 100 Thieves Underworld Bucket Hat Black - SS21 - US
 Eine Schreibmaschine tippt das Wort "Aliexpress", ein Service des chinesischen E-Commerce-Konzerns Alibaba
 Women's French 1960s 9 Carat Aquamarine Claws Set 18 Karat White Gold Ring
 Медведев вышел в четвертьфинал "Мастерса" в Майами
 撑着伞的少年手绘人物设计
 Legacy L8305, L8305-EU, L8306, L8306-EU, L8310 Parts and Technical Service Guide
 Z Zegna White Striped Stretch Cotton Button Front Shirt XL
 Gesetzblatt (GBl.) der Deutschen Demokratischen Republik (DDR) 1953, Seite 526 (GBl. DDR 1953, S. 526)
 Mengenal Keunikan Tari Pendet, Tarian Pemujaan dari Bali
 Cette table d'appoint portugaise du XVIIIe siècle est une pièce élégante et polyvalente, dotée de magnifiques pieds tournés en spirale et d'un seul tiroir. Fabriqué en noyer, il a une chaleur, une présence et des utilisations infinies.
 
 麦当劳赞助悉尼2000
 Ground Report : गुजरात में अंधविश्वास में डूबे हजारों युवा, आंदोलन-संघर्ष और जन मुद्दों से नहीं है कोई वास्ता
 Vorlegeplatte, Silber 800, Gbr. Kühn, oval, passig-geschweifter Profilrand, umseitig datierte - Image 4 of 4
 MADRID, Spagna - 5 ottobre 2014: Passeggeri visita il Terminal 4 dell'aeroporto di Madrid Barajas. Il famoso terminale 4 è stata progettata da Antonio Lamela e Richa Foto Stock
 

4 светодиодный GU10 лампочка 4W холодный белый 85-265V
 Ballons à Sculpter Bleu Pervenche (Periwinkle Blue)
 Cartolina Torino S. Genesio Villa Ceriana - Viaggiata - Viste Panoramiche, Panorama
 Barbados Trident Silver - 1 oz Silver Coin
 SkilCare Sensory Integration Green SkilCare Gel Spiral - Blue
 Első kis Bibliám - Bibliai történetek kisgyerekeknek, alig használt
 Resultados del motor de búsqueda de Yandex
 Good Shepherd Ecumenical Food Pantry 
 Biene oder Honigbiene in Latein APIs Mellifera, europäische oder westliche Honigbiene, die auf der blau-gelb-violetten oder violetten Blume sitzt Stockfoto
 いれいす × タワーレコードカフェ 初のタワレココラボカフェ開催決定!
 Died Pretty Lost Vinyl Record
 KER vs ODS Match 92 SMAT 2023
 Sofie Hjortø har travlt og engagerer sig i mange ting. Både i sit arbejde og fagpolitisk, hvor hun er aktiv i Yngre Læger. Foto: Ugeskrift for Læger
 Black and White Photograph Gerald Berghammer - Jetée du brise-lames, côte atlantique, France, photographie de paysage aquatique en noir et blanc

□ □ □

EXERCISE REQUIREMENTS. Retype only this range exactly: the first line of the data through the line where "Z Zegna White" appears.

RESPONSE BELOW.
 100 Thieves Underworld Bucket Hat Black - SS21 - US
 Eine Schreibmaschine tippt das Wort "Aliexpress", ein Service des chinesischen E-Commerce-Konzerns Alibaba
 Women's French 1960s 9 Carat Aquamarine Claws Set 18 Karat White Gold Ring
 Медведев вышел в четвертьфинал "Мастерса" в Майами
 撑着伞的少年手绘人物设计
 Legacy L8305, L8305-EU, L8306, L8306-EU, L8310 Parts and Technical Service Guide
 Z Zegna White Striped Stretch Cotton Button Front Shirt XL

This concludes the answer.